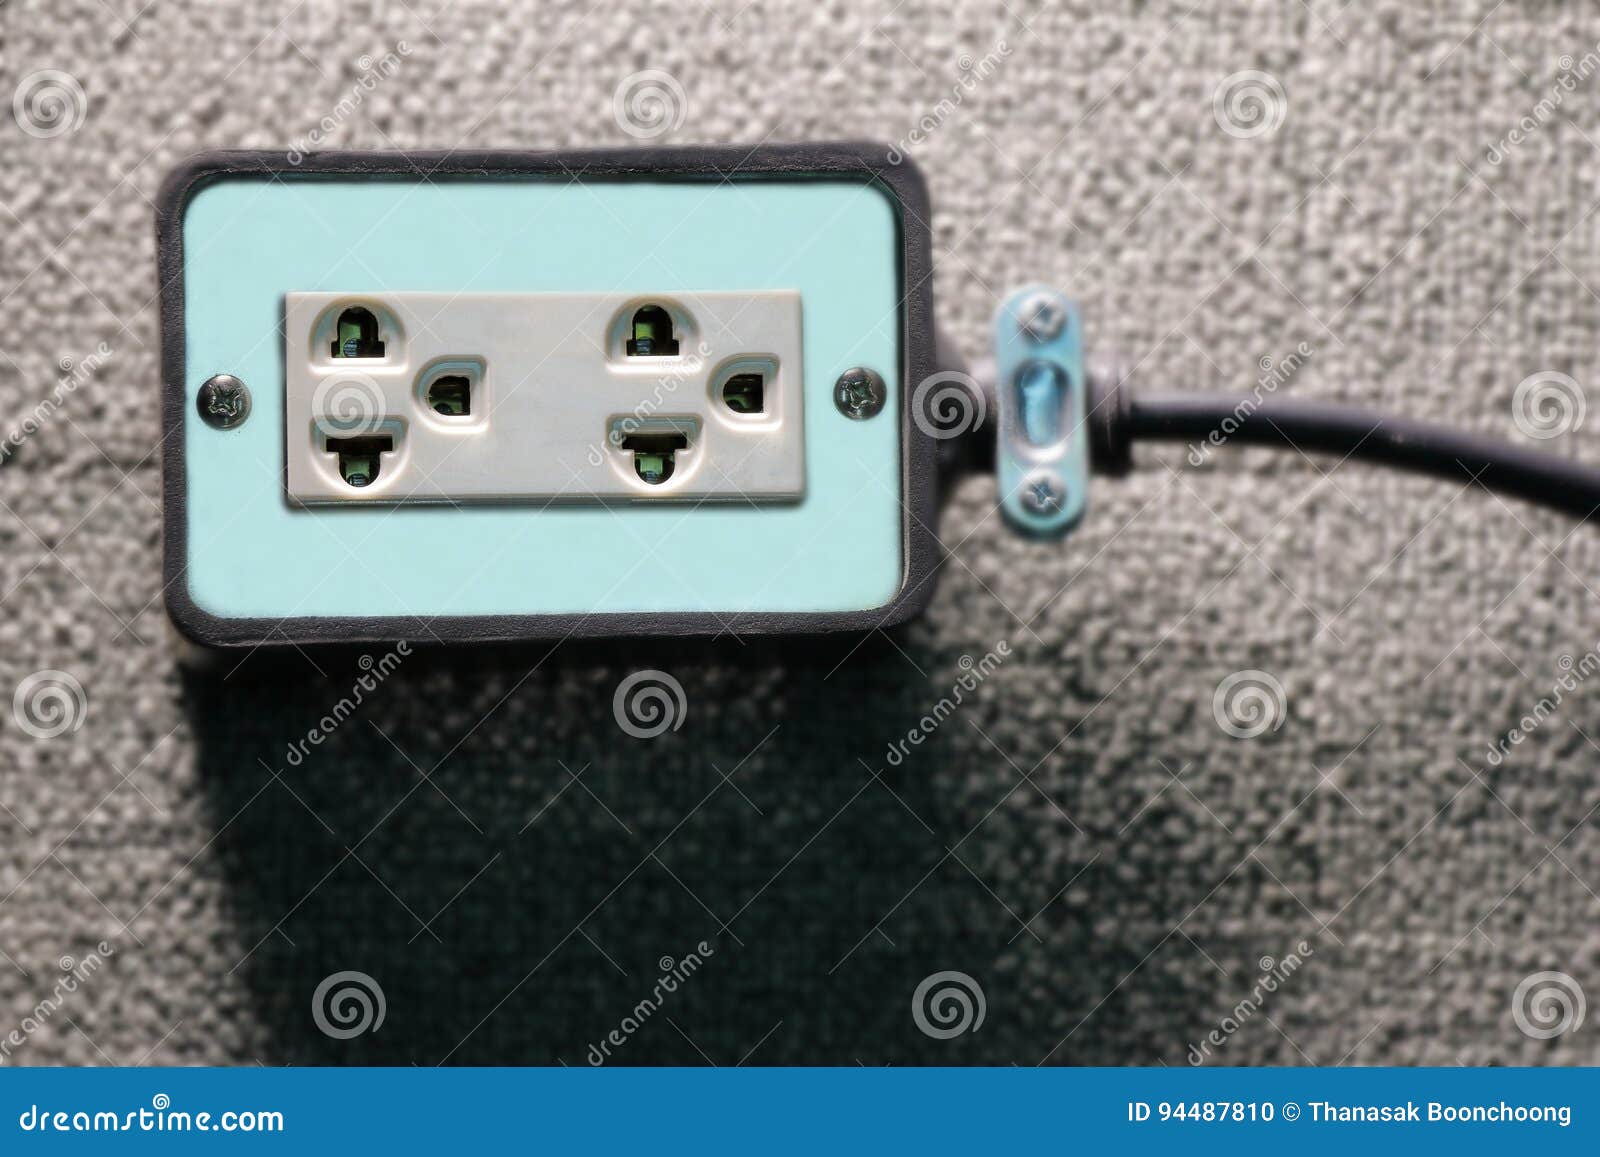 Electrical Outlet Plug On Floor Stock Photo Image Of Floor
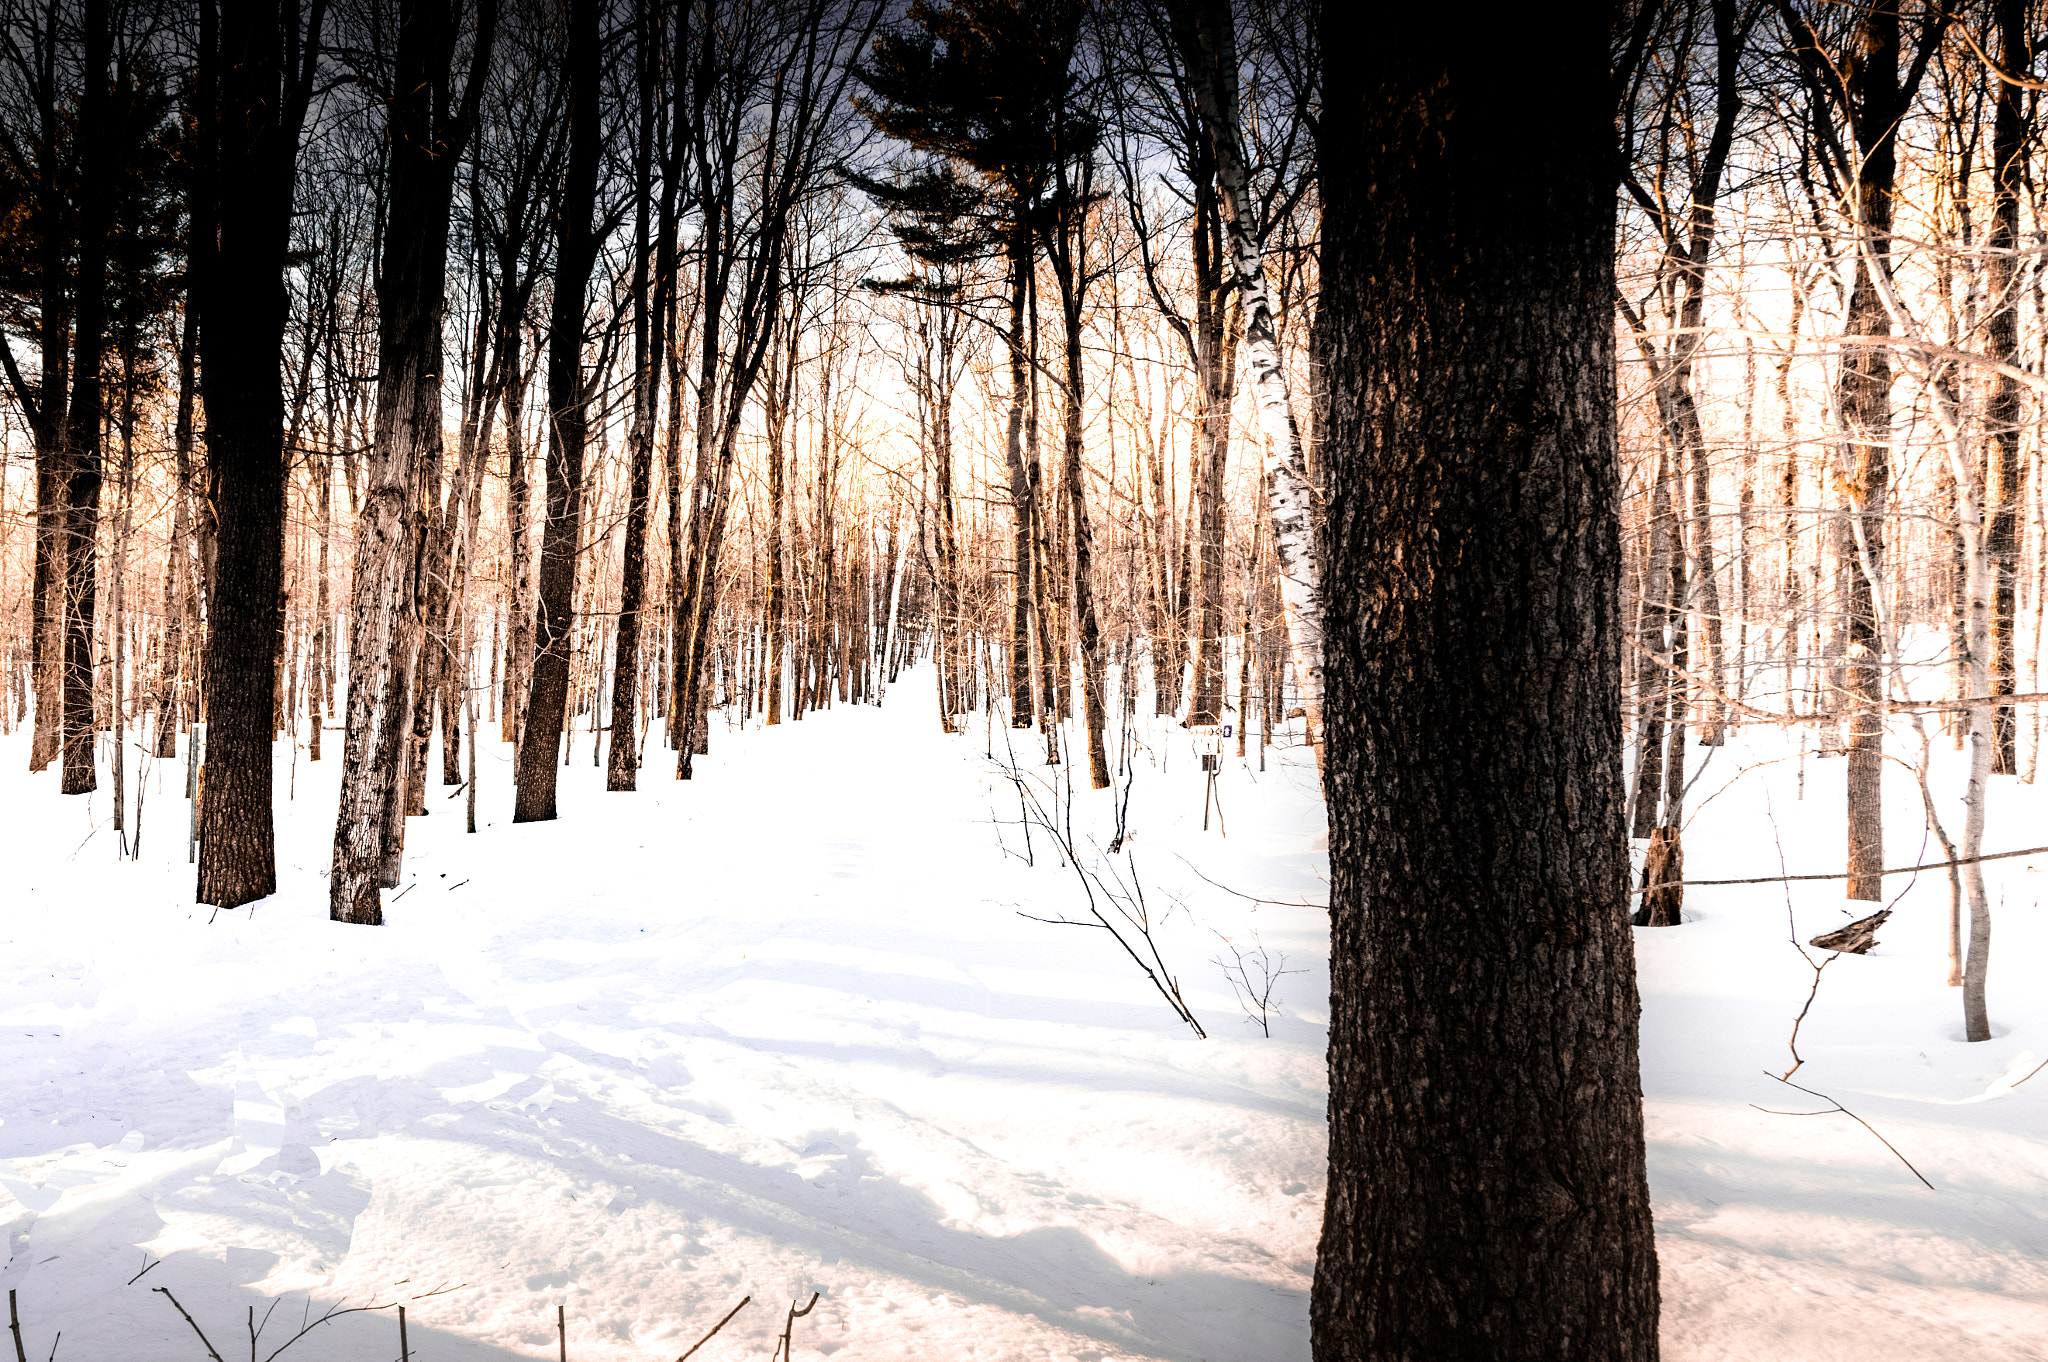 Pentax K-3 II sample photo. Into the snowy forest photography
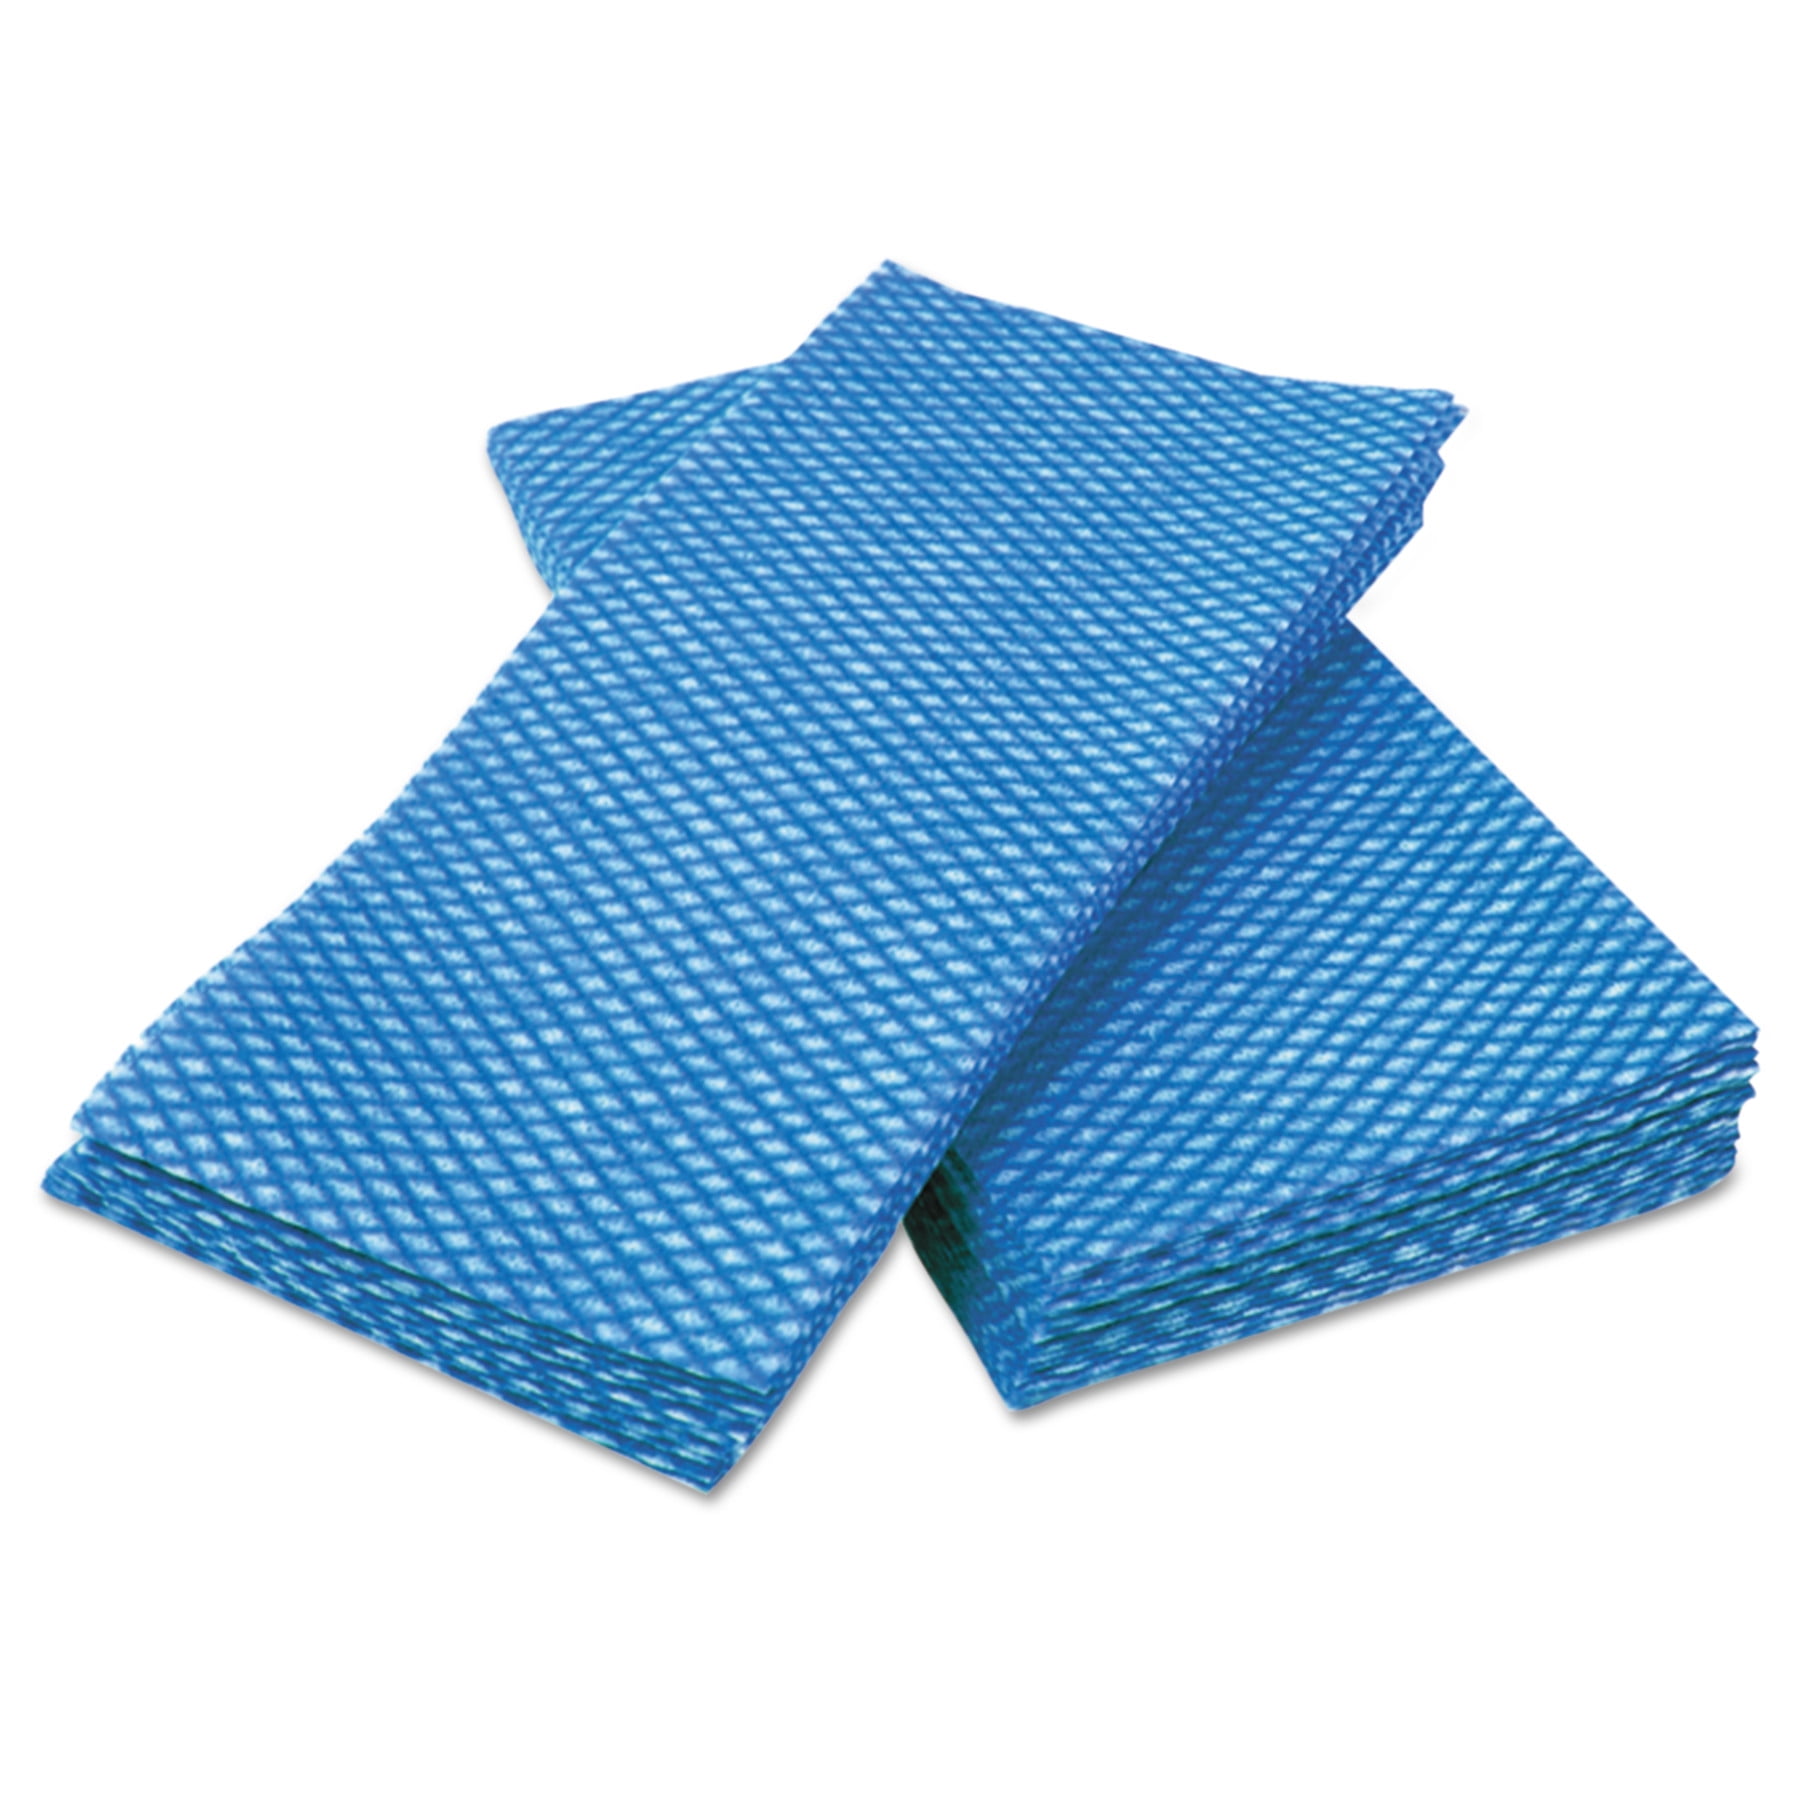 Utopia Blue and White Sustainable Dish Towels, 12 Pack

════════

Any images must be left out; transcribe the rest of the material exactly.

**Solution for this exercise**
 Electrical Outlet Plug On Floor Stock Photo Image Of Floor
 Pentax K-3 II sample photo. Into the snowy forest photography
 Utopia Blue and White Sustainable Dish Towels, 12 Pack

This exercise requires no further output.